Ideal two-dimensional solid electrolytes for fast ion transport: metal trihalides MX3 with intrinsic atomic pores

Abstract

Exploring ultrathin two-dimensional (2D) solid electrolytes with fast ion transport is highly desirable in nanoelectronics, ionic devices and various energy storage systems, following the rapid scaling of devices to the nanometer scale. Herein, two-dimensional (2D) metal trihalides MX₃ (ScCl₃, ScBr₃, AsI₃, ScI₃, YBr₃, SbI₃, YI₃ and BiI₃) with intrinsic atomic pore structures have been examined and found to be promising as realistic 2D solid electrolytes. Through examining the binding interactions and the diffusion barriers of monolayer MX₃–ion (Li⁺, Na⁺, K⁺, Mg²⁺, and Ca²⁺) systems by utilizing first principles calculations, it is found that MX₃–ion complexes are energetically favorable and the energy barriers of some MX₃–ion systems are comparable to or even smaller than those of the conventional solid electrolyte systems. More significantly, the short diffusion time of Na⁺ and K⁺ ions in some monolayers MX₃ at the nanosecond (ns) or even at the sub-ns scale indicates fast ion transport. In terms of practical applications, ultrafast Li⁺ travelling in the timescale of sub-ns to ns and Na⁺ in several tens ns in few-layer MX₃ is achieved.

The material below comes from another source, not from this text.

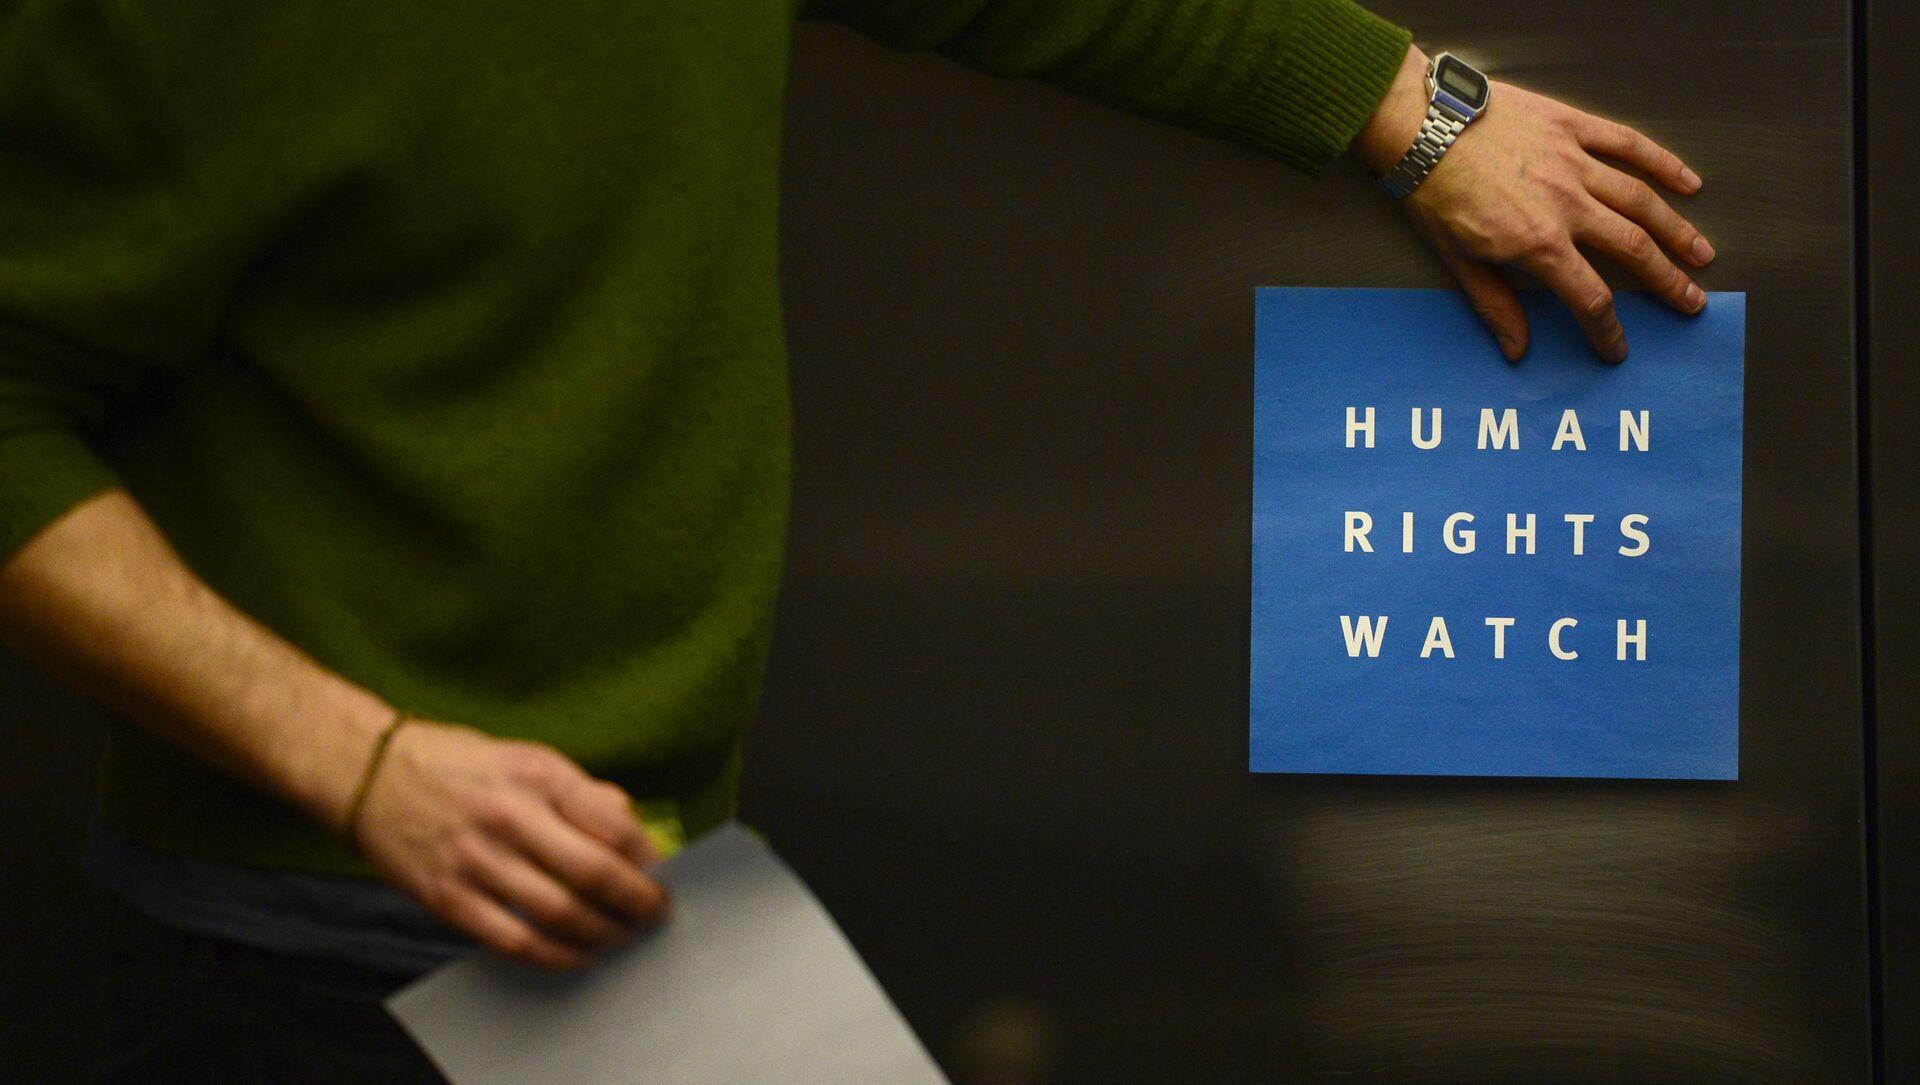 Logo de Human Rights Watch - Sputnik Mundo, 1920, 10.02.2021

In addition, the insulating nature of wide band gaps for MX₃ is maintained during the ion transport, which is essential for solid electrolytes. These theoretical results provide fundamental guidance that MX₃ materials with natural atomic pores are realistic candidates for 2D solid electrolytes with broad applications in ionic devices and energy storage devices.